Faecalibacterium prausnitzii comprises 2 phylogroups, whose abundance in healthy and diseased gut and in conjunction with Escherichia coli has not yet been studied. This work aims to determine the ...contribution of F. prausnitzii phylogroups I and II in intestinal disease and to assess their potential diagnostic usefulness as biomarkers for gut diseases.
Total F. prausnitzii, its phylogroups, and E. coli loads were determined by quantitative polymerase chain reaction targeting the 16S rRNA gene on biopsies from 31 healthy controls (H), 45 patients with Crohn's disease (CD), 25 patients with ulcerative colitis, 10 patients with irritable bowel syndrome, and 20 patients with colorectal cancer. Data were normalized to total bacterial counts and analyzed according to patients' disease location and clinical characteristics.
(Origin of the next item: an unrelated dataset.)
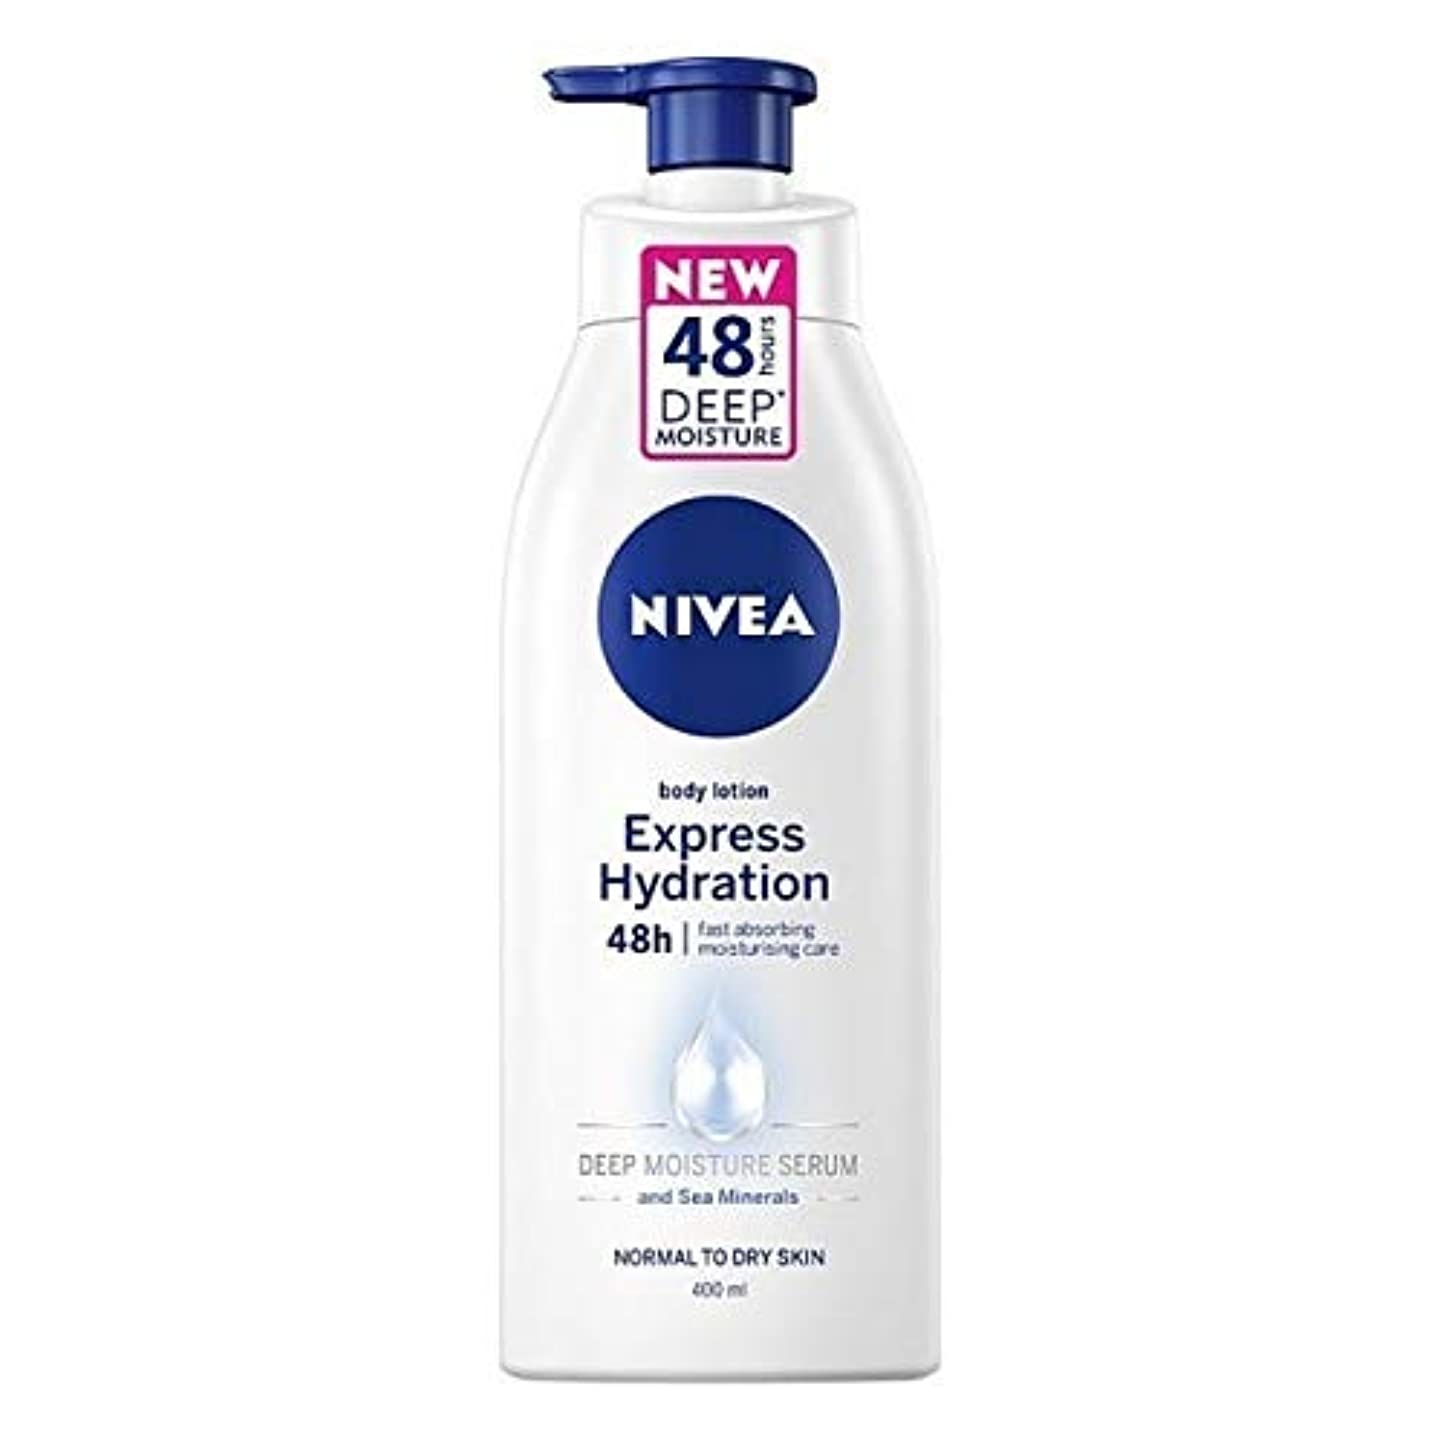 お祝い吸収意味[Nivea ] 高速の急行水和ボディローション400ミリリットルを吸収ニベア - NIVEA Fast Absorbing Express Hydration Body Lotion 400ml [並行輸入品]
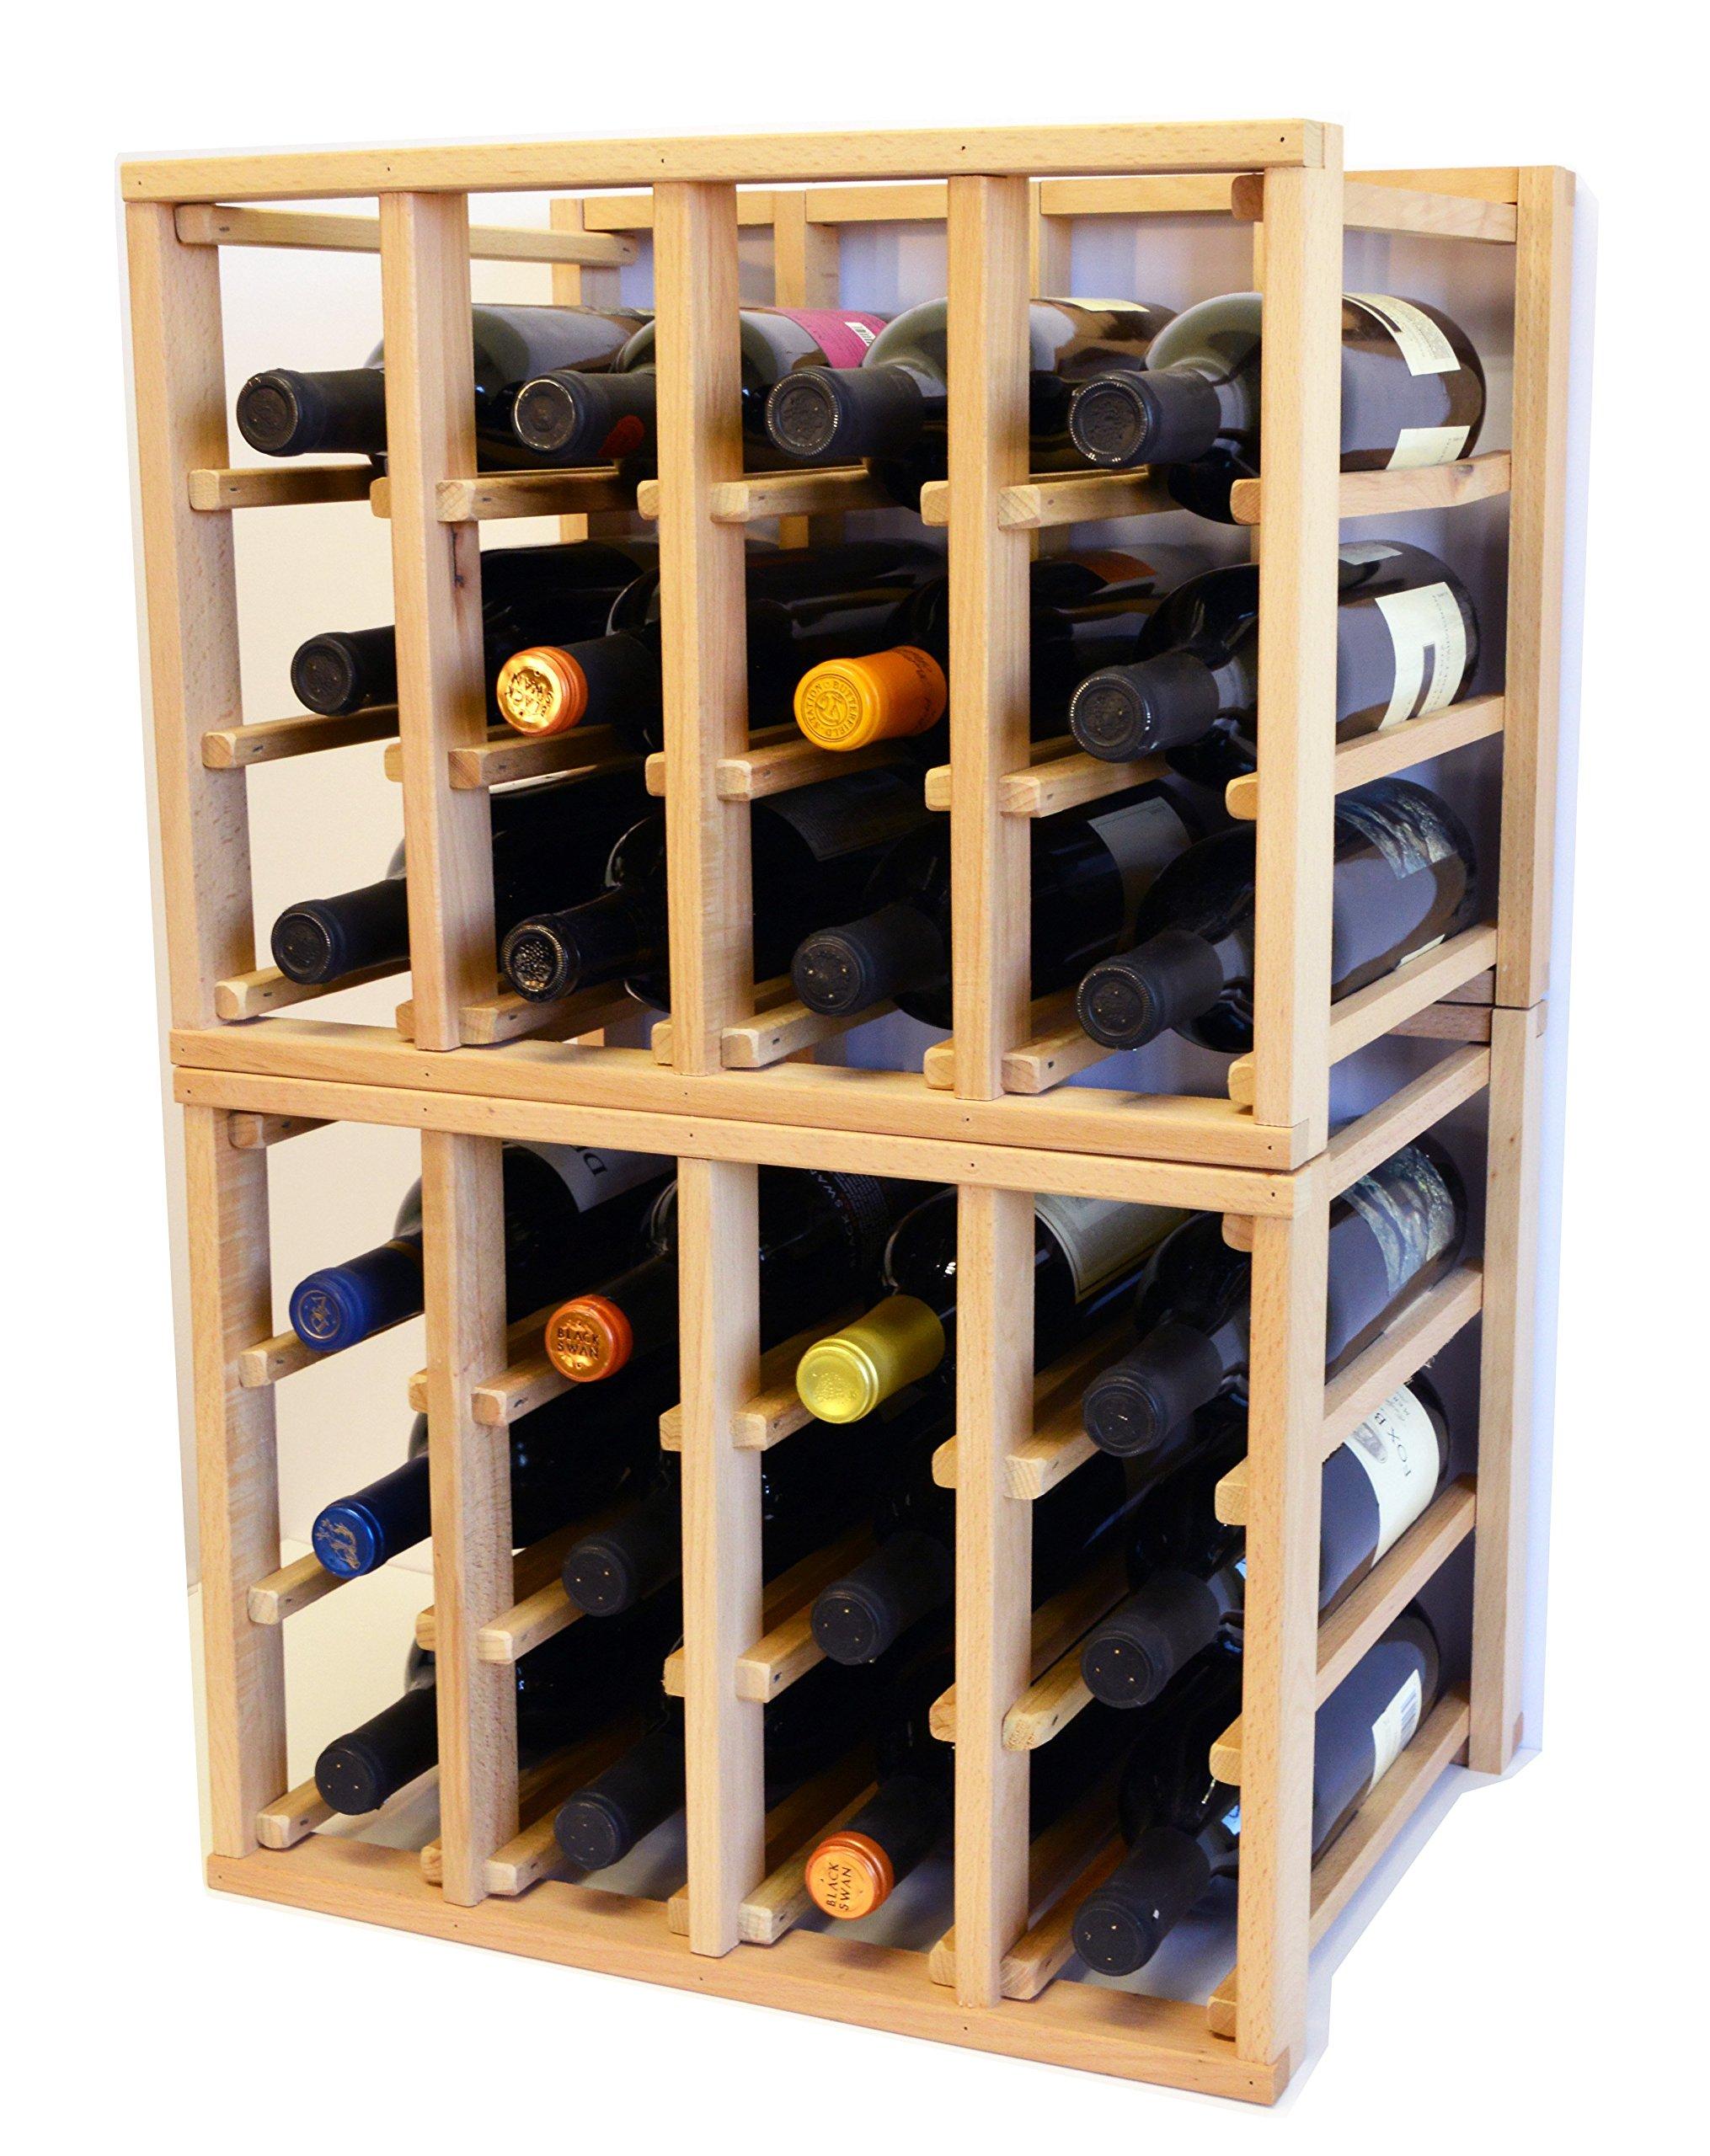 24 Bottle Modular Stackable Wine Rack Stack As Many Sets Together (5 Sets = 120 Bottle Capacity)

Lower levels of both total F. prausnitzii and phylogroup I were found in subjects with CD, ulcerative colitis, and colorectal cancer (P < 0.001) compared with H subjects. Phylogroup I load was a better biomarker than total F. prausnitzii to discriminate subjects with gut disorders from H. Phylogroup II depletion was observed only in patients with CD (P < 0.001) and can be potentially applied to differentiate ulcerative pancolitis from colonic CD. No statistically significant correlation between E. coli and any of the 2 F. prausnitzii phylogroups was found in any group of patients or by inflammatory bowel disease location. Phylogroup I was lower in active patients with CD, whereas those CD with intestinal resection showed a reduction in phylogroup II. Treatments with mesalazine and immunosuppressants did not result in the recovery of F. prausnitzii phylogroups abundance.
F. prausnitzii phylogroup I was depleted in CD, ulcerative colitis, and colorectal cancer, whereas phylogroup II was specifically reduced in CD. Quantification of F. prausnitzii phylogroups and E. coli may help to identify gut disorders and to classify inflammatory bowel disease location.